### [EXERCISE AIM]
Write out the data exactly, please, and omit the pictures.

### [DATASET CONTENT]
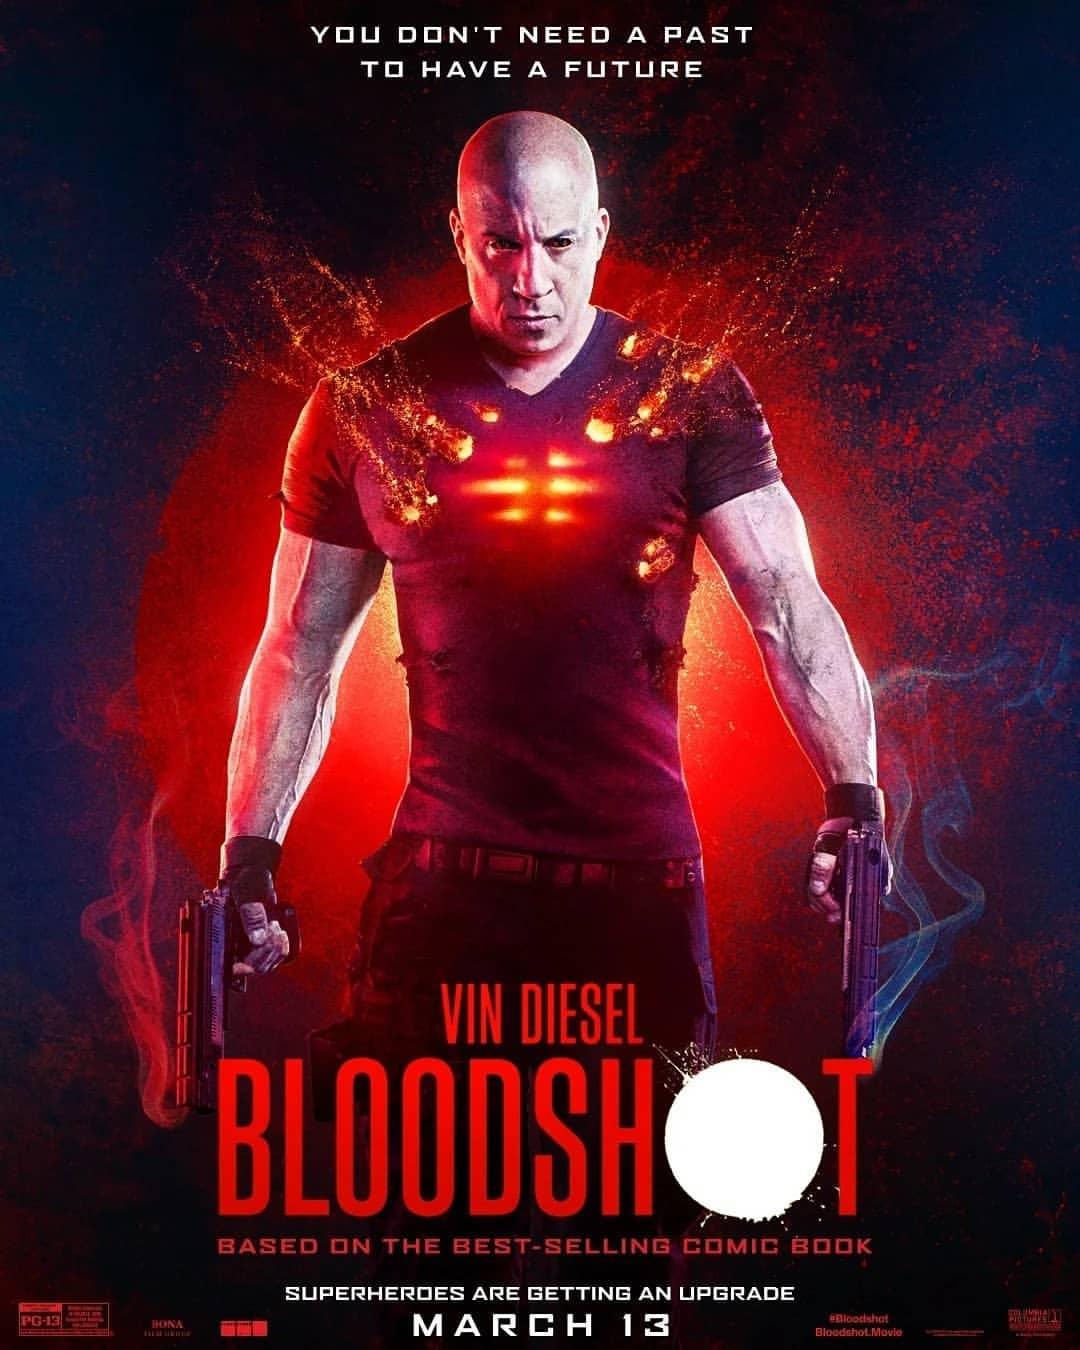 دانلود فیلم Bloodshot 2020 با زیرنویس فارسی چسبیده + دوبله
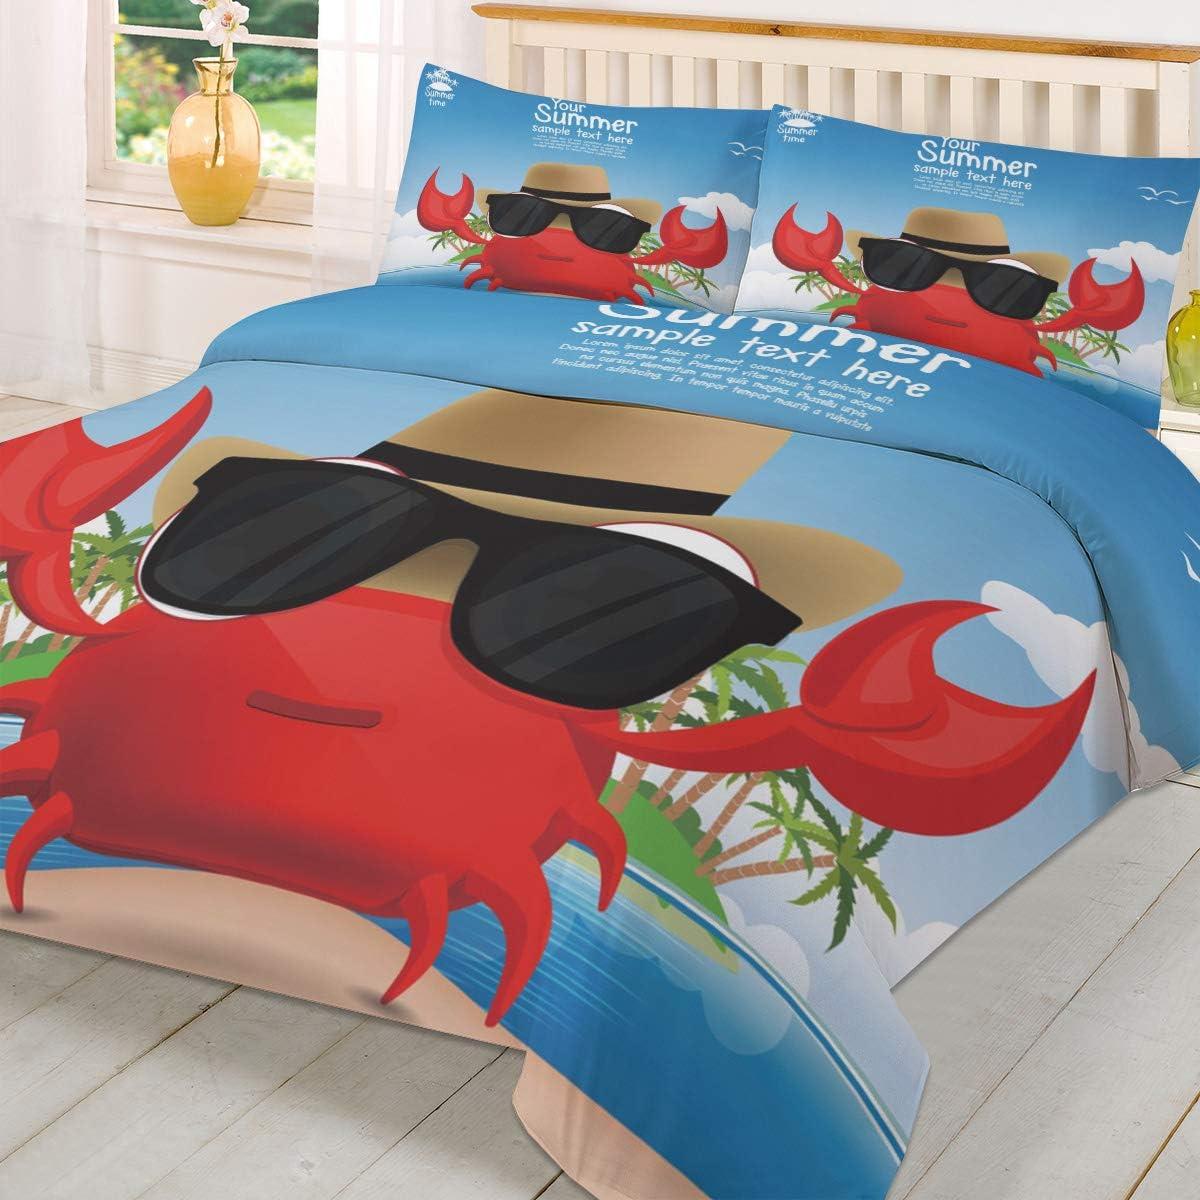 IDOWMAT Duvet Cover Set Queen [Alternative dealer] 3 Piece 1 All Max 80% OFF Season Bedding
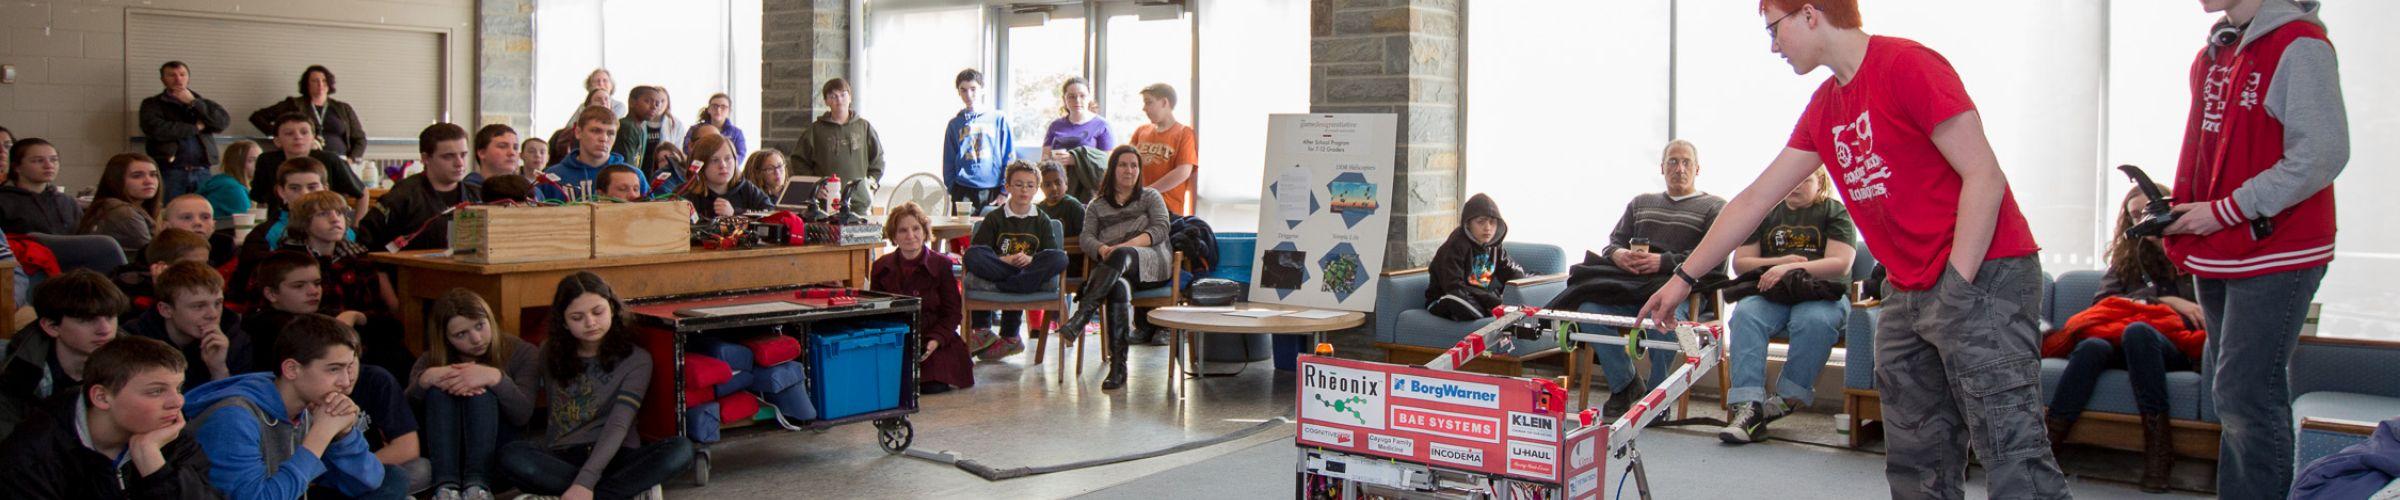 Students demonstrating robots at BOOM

### [RESPONSE TO THIS TASK]
 دانلود فیلم Bloodshot 2020 با زیرنویس فارسی چسبیده + دوبله
 IDOWMAT Duvet Cover Set Queen [Alternative dealer] 3 Piece 1 All Max 80% OFF Season Bedding
 Students demonstrating robots at BOOM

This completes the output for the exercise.